In Vivo Confocal Microscopy (IVCM) is an emerging non-invasive tool for capturing high-definition cross-sectional images of eye structures, and is of great assistance for early diagnosis of different types of keratitis. It offers significant advantages in terms of accuracy and sensitivity of diagnosis, particularly in detecting deep stromal infections that are not easily diagnosed through corneal scraping. However, this comes at the cost of an increased workload on medical staff and the need for specialized training to interpret IVCM images8,9.

Deep learning (DL) is a class of advanced machine learning techniques, in which convolutional neural networks (CNN) can be used to develop sophisticated artificial intelligence (AI) systems to process high-definition data, such as images, quickly and accurately10. In image processing applications, CNNs have multiple convolutional layers capable of capturing high-level features of the image into multiple abstraction levels for processing which improves accuracy and versatility, at the cost of requiring a large amount of annotated data11. In recent years, the emergence of DL and CNN has proven tremendously useful in medical data analysis and medical image recognition12,13,14. In ophthalmology, multiple DL-based AI systems have been developed for diagnosis of glaucoma and macular degeneration15,16. While DL-based systems have proven useful in various medical diagnosis applications, the development of DL-based systems for keratitis, especially in IVCM imaging technology, has been lackluster. Although some studies have developed DL models for the diagnosis of keratitis using slit-lamp biomicroscopy, research on diagnostic AI models using IVCM images remains limited17,18,19. Researchers have developed models on datasets with a limited number of either data samples (as in17 with 137 images) or classes (as in18 with two classes of healthy and FK images introduced) or patients (as in19 based on a small sample of six patients).
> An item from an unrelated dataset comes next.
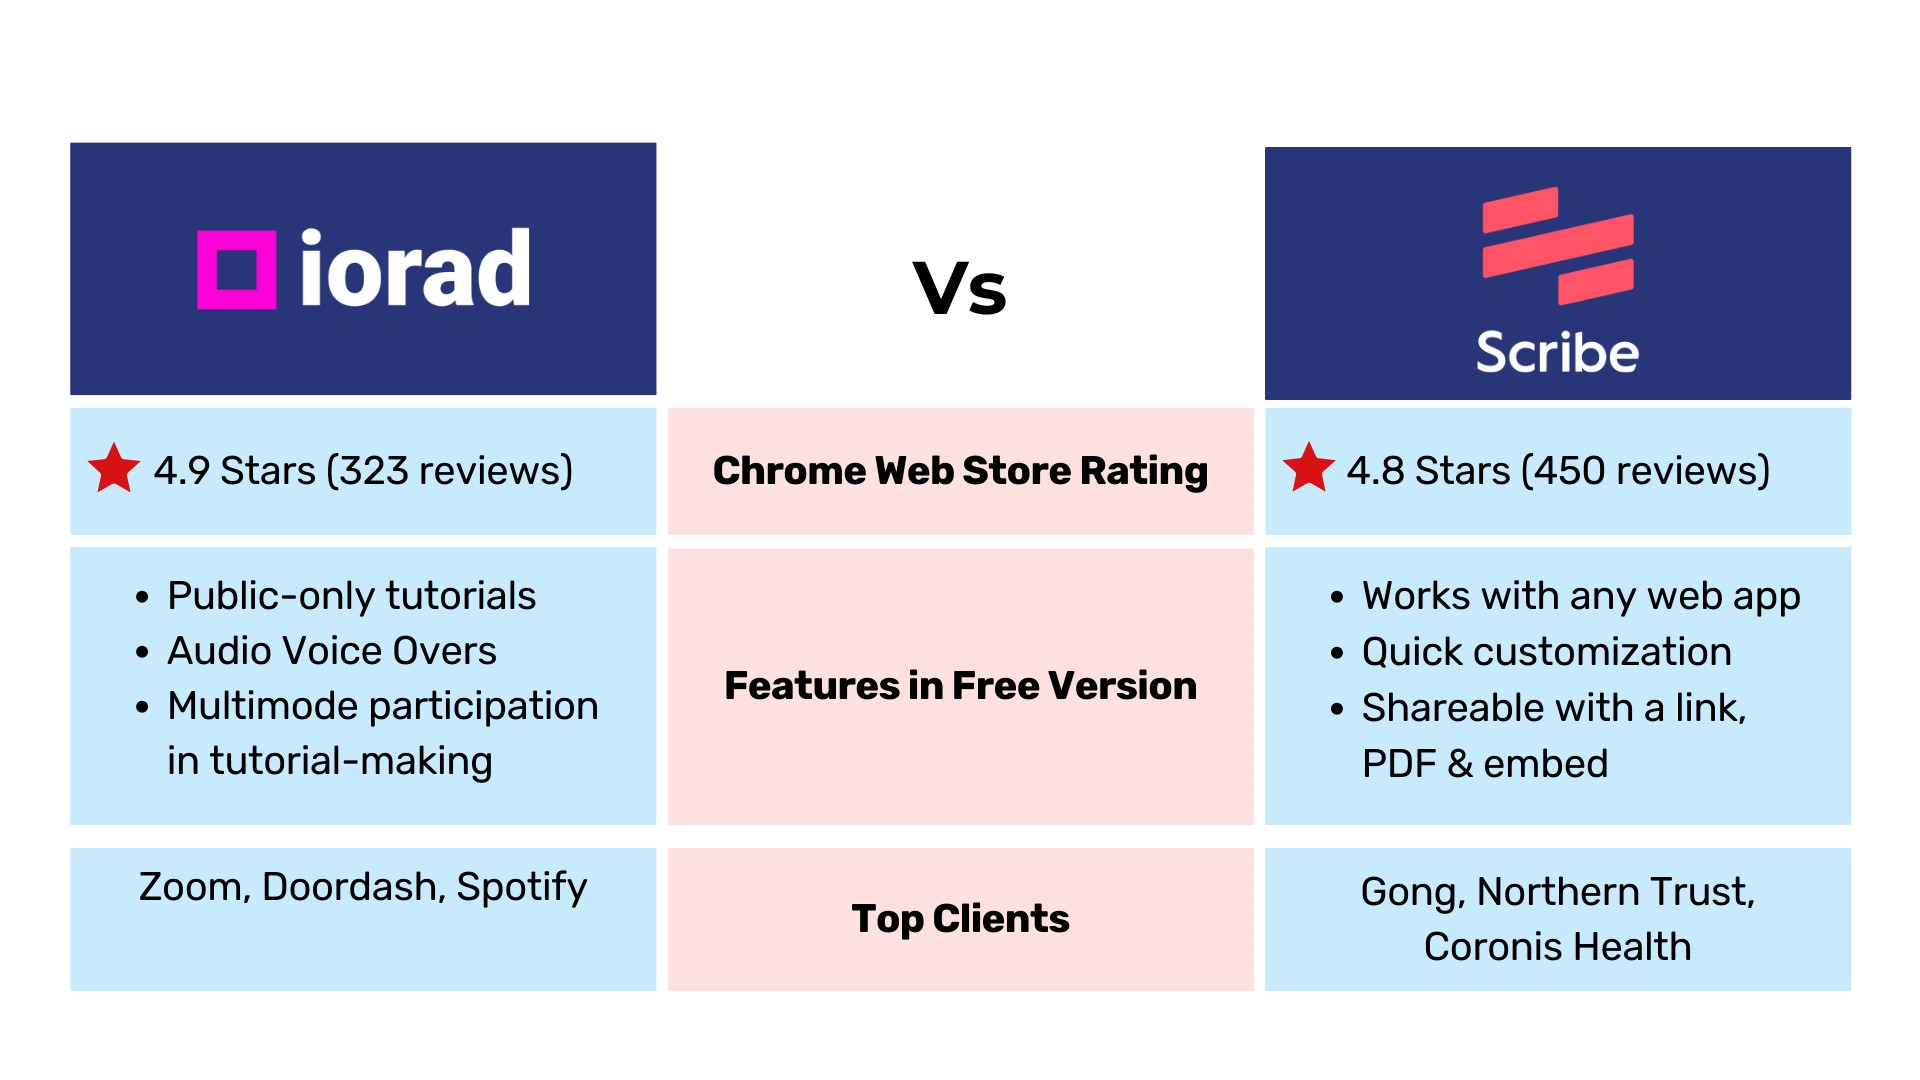 iorad Vs Scribe comparison table with rating, features, top clients
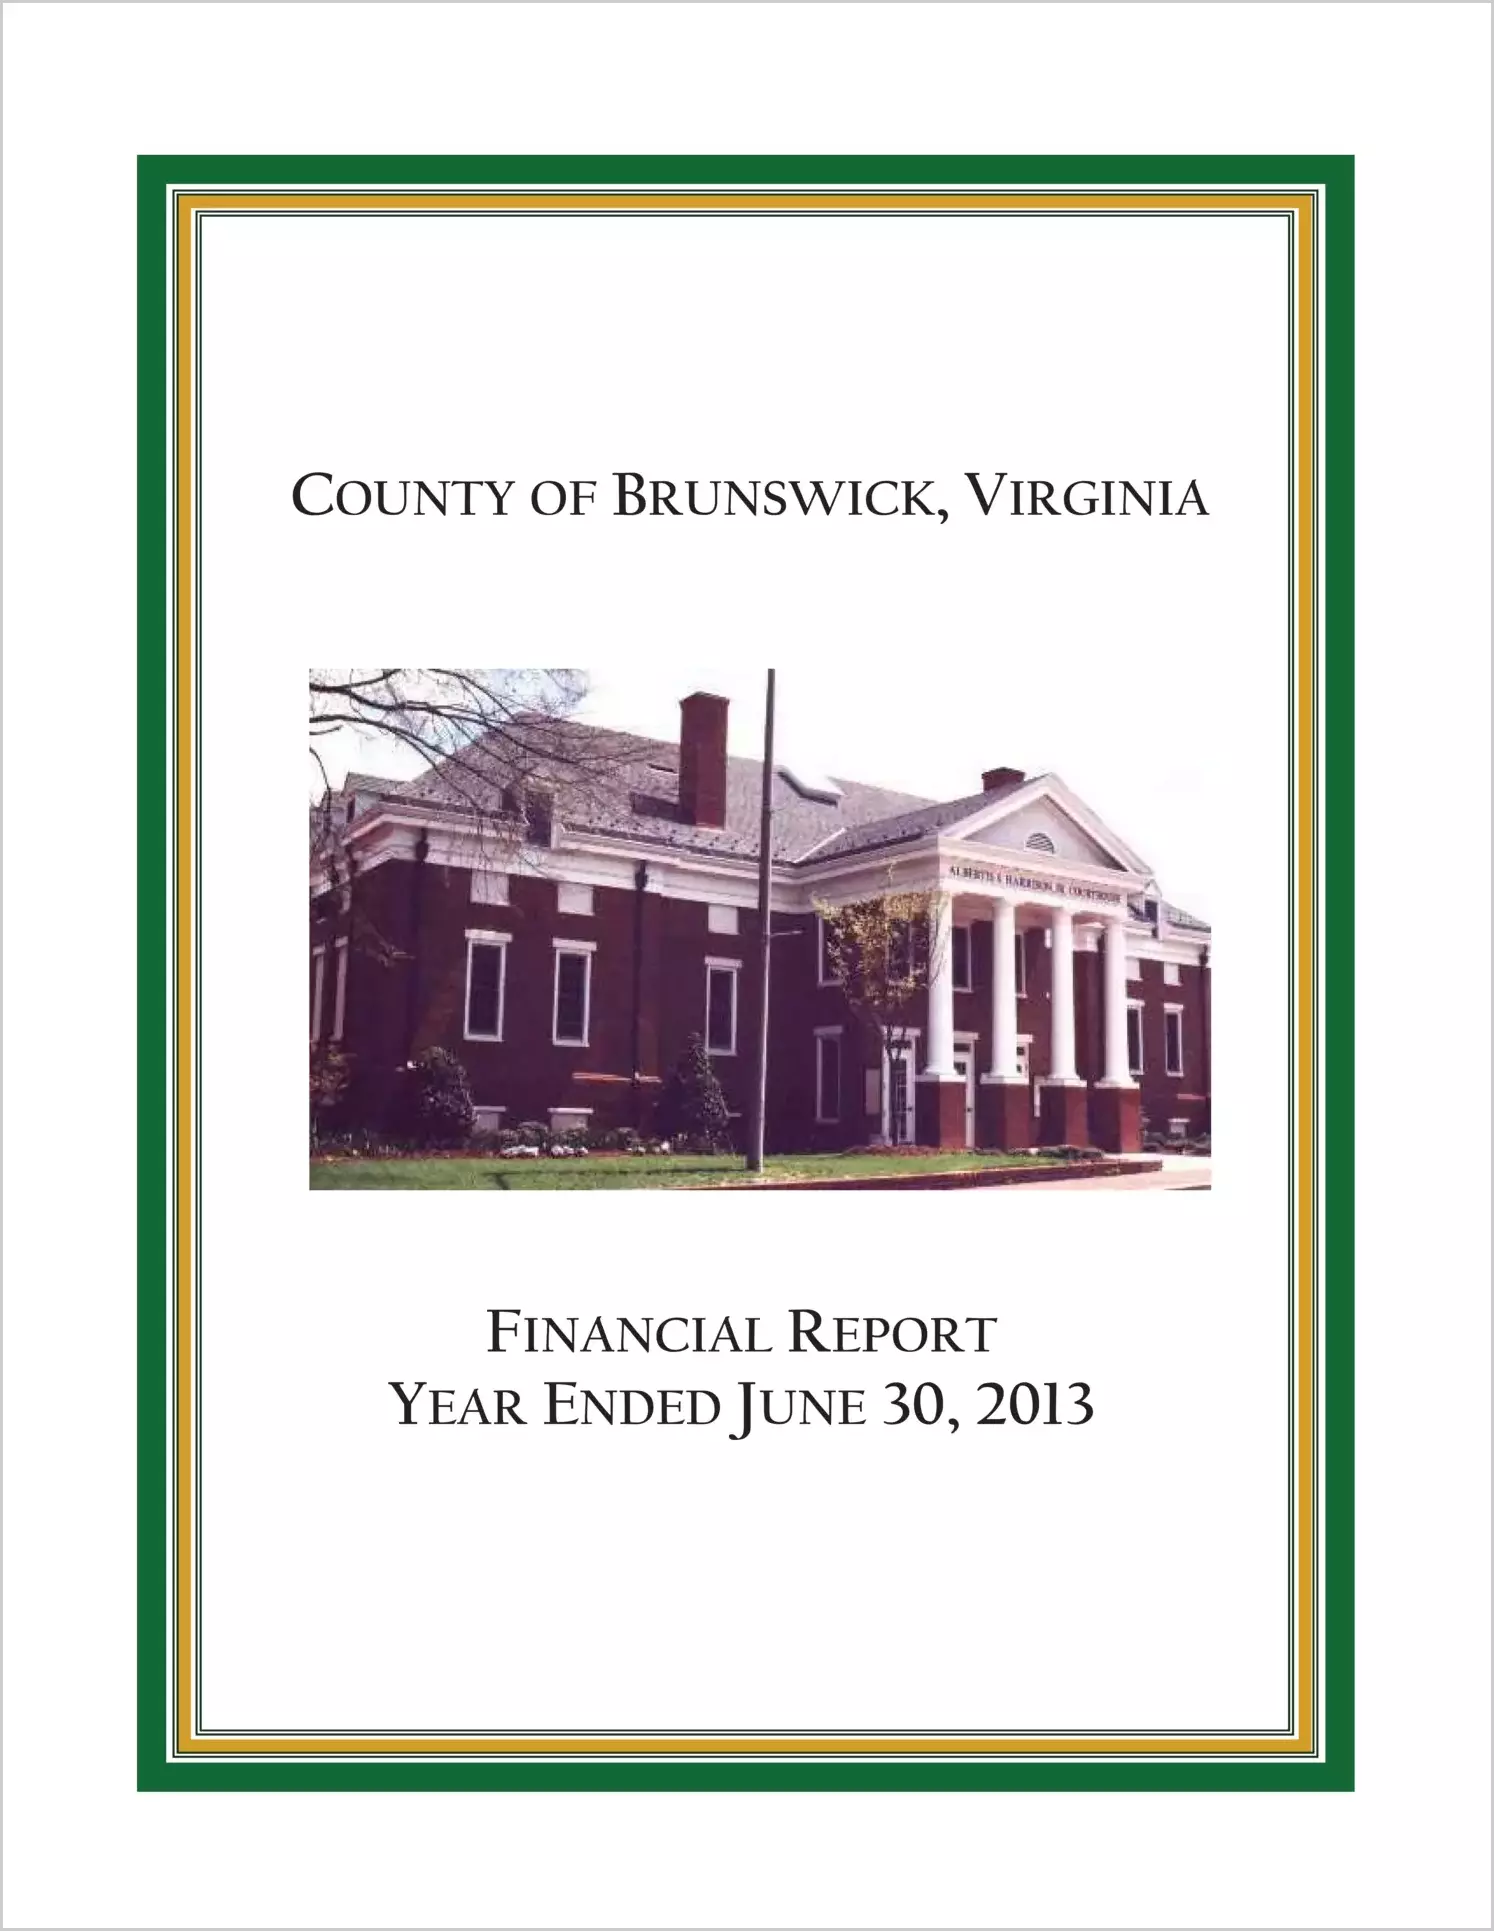 2013 Annual Financial Report for County of Brunswick

The aim of this study is to present a more advanced deep learning model that provides automated diagnostic assistance for different types of infectious keratitis, offering a comprehensive approach to diagnosis when interpreting IVCM images, both for experienced and inexperienced eye-care practitioners. We consider the classification of four types of IVCM images in our study, consisting of fungal keratitis (FK), acanthamoeba keratitis (AK), non-specific keratitis (NSK), and healthy images. NSK refers to other types of inflammations or injuries not induced by fungal, amoebic or bacterial organisms (further details in "Dataset" section). To achieve this, we introduce the IVCM-Keratitis dataset, consisting of 4001 IVCM images along with their official diagnoses. We trained multiple recent DL models and optimized them to find the best model with the highest performance. To the best of our knowledge, this is the first attempt to develop an automated keratitis deep learning model using IVCM images at this scale and class diversity. Furthermore, this is the first model capable of detecting AK cases using IVCM images.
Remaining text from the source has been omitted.